Activity: Transcribe the full listing exactly, and drop every picture.

Information supplied:

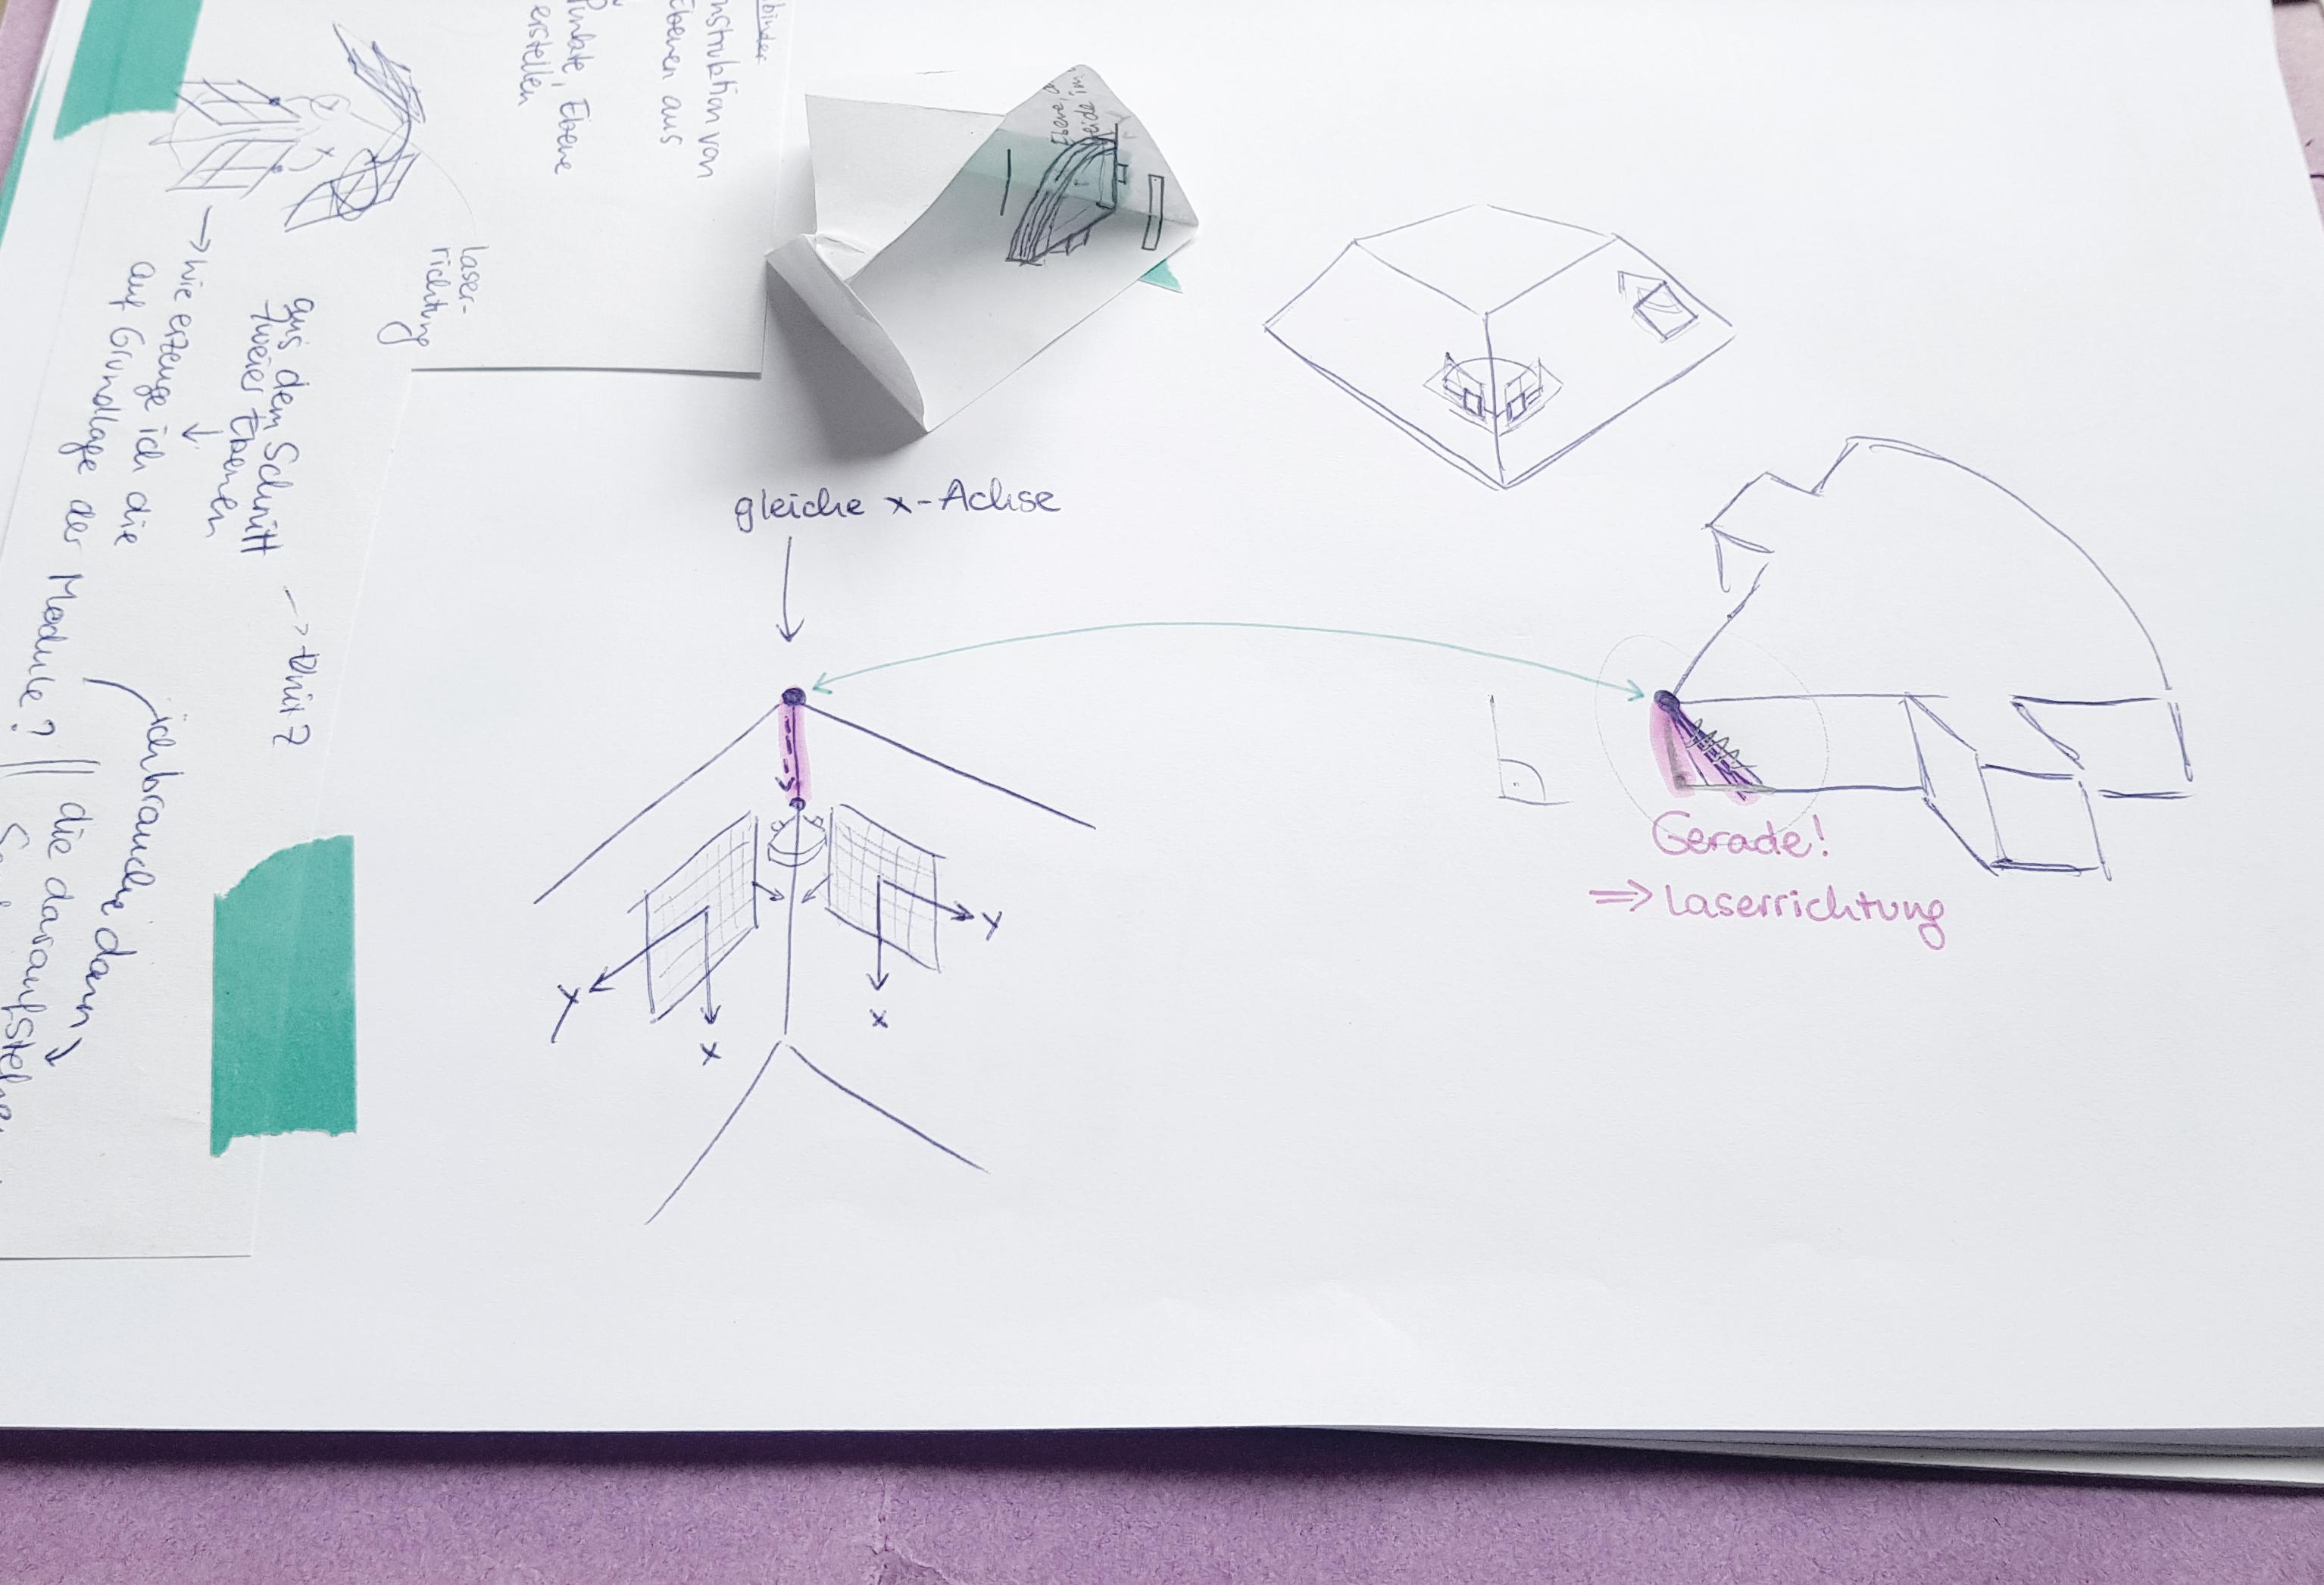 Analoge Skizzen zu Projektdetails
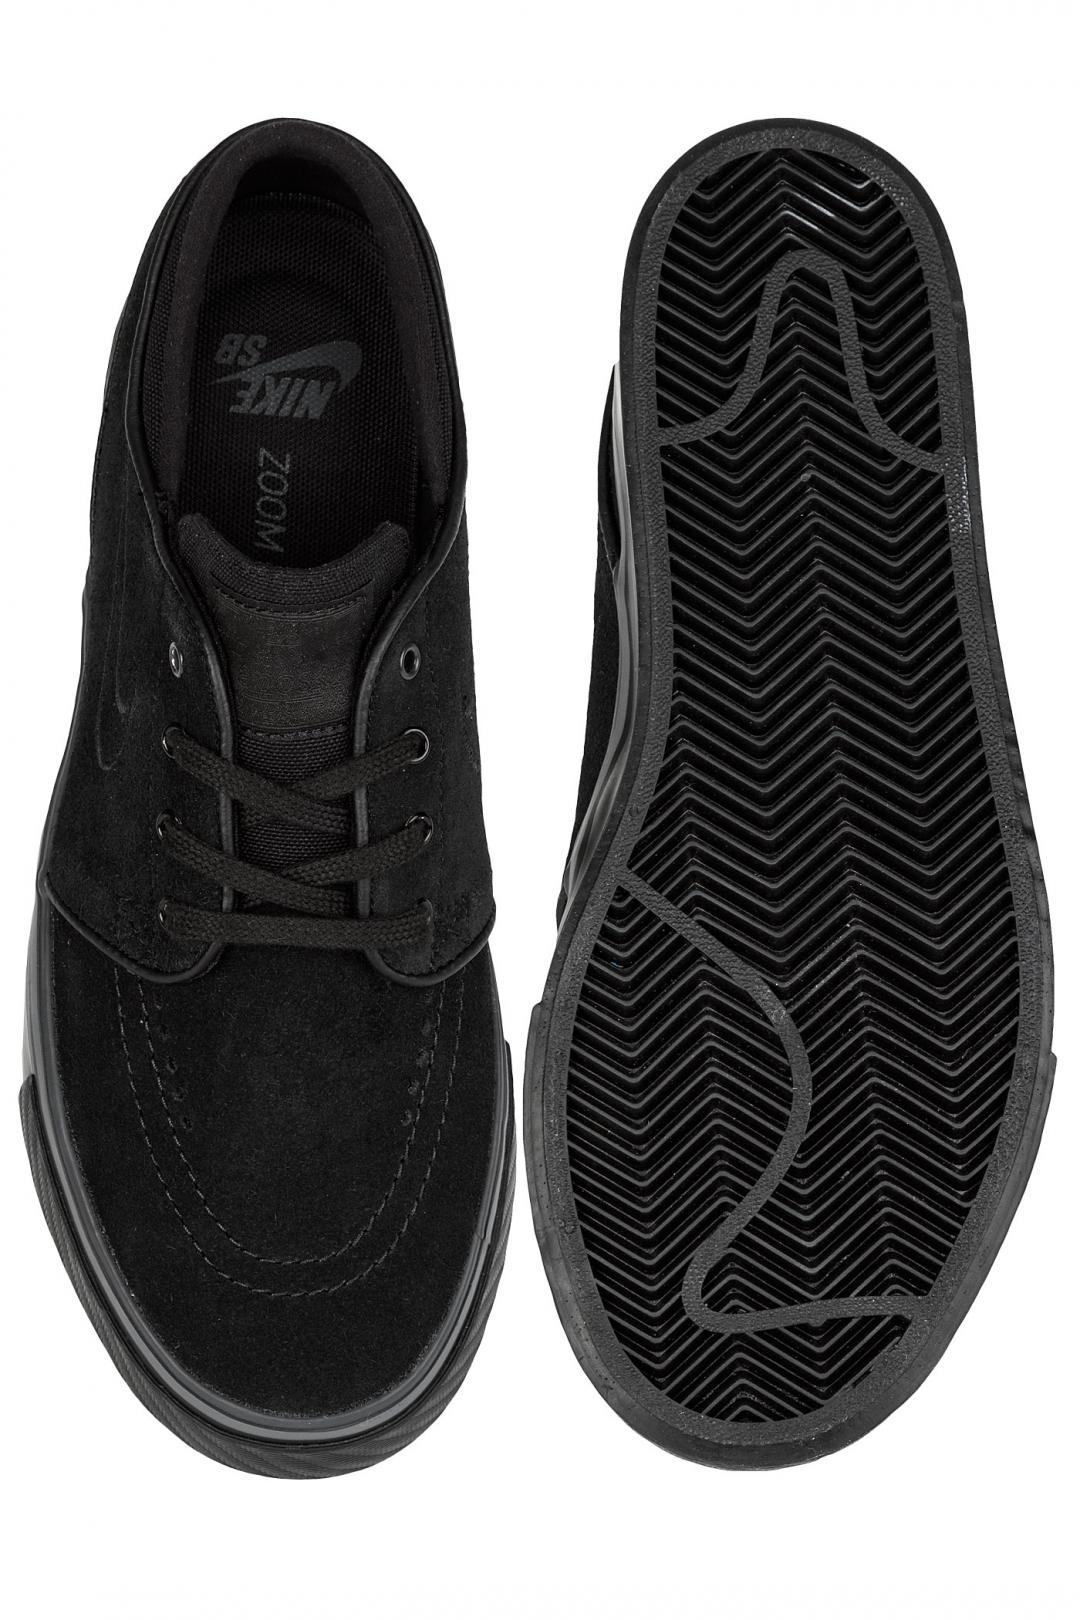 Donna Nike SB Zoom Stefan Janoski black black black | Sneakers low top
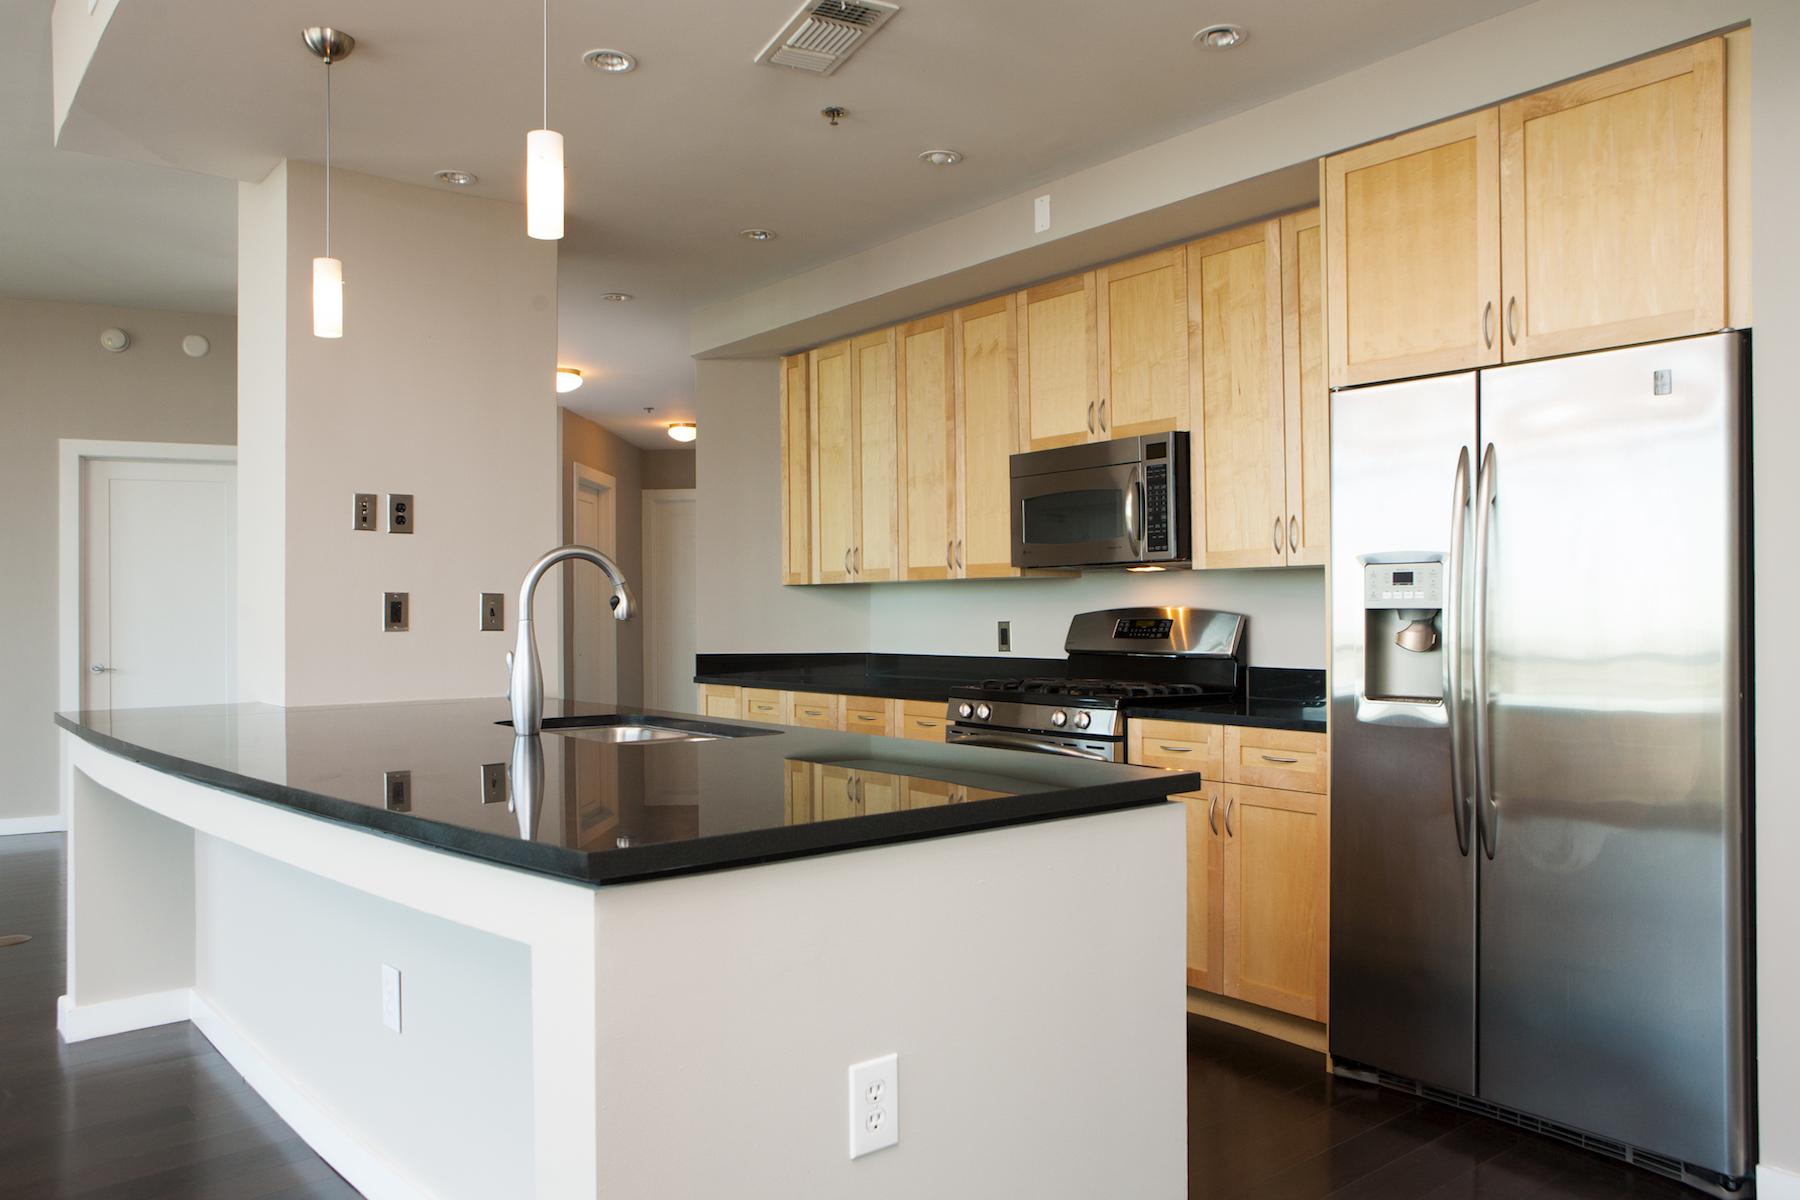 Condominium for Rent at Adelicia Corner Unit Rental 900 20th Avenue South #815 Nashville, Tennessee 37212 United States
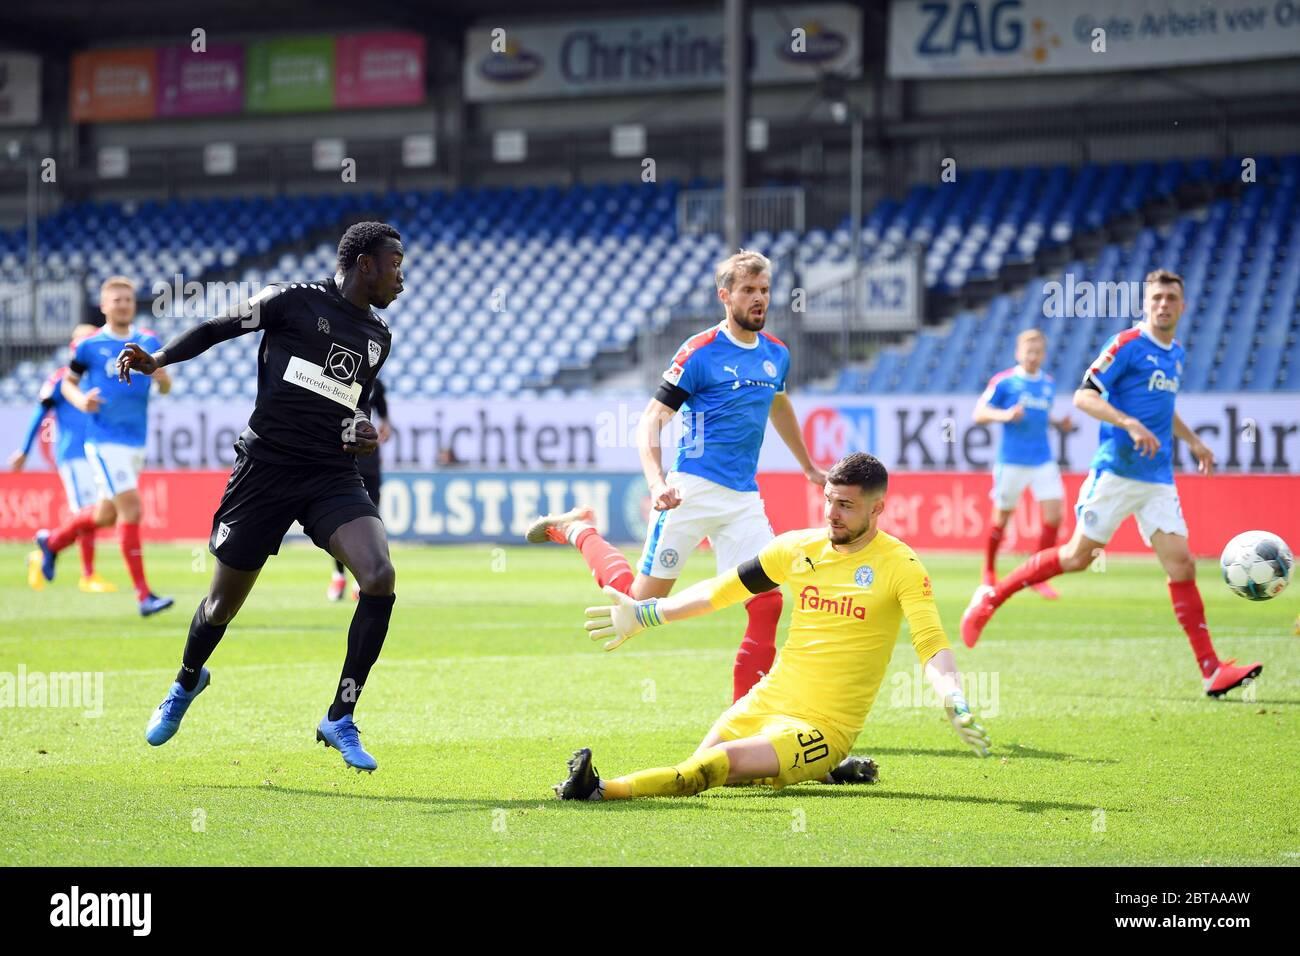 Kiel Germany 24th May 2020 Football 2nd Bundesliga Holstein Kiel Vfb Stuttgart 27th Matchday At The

Output below:
 Analoge Skizzen zu Projektdetails
 Donna Nike SB Zoom Stefan Janoski black black black | Sneakers low top
 Condominium for Rent at Adelicia Corner Unit Rental 900 20th Avenue South #815 Nashville, Tennessee 37212 United States
 Kiel Germany 24th May 2020 Football 2nd Bundesliga Holstein Kiel Vfb Stuttgart 27th Matchday At The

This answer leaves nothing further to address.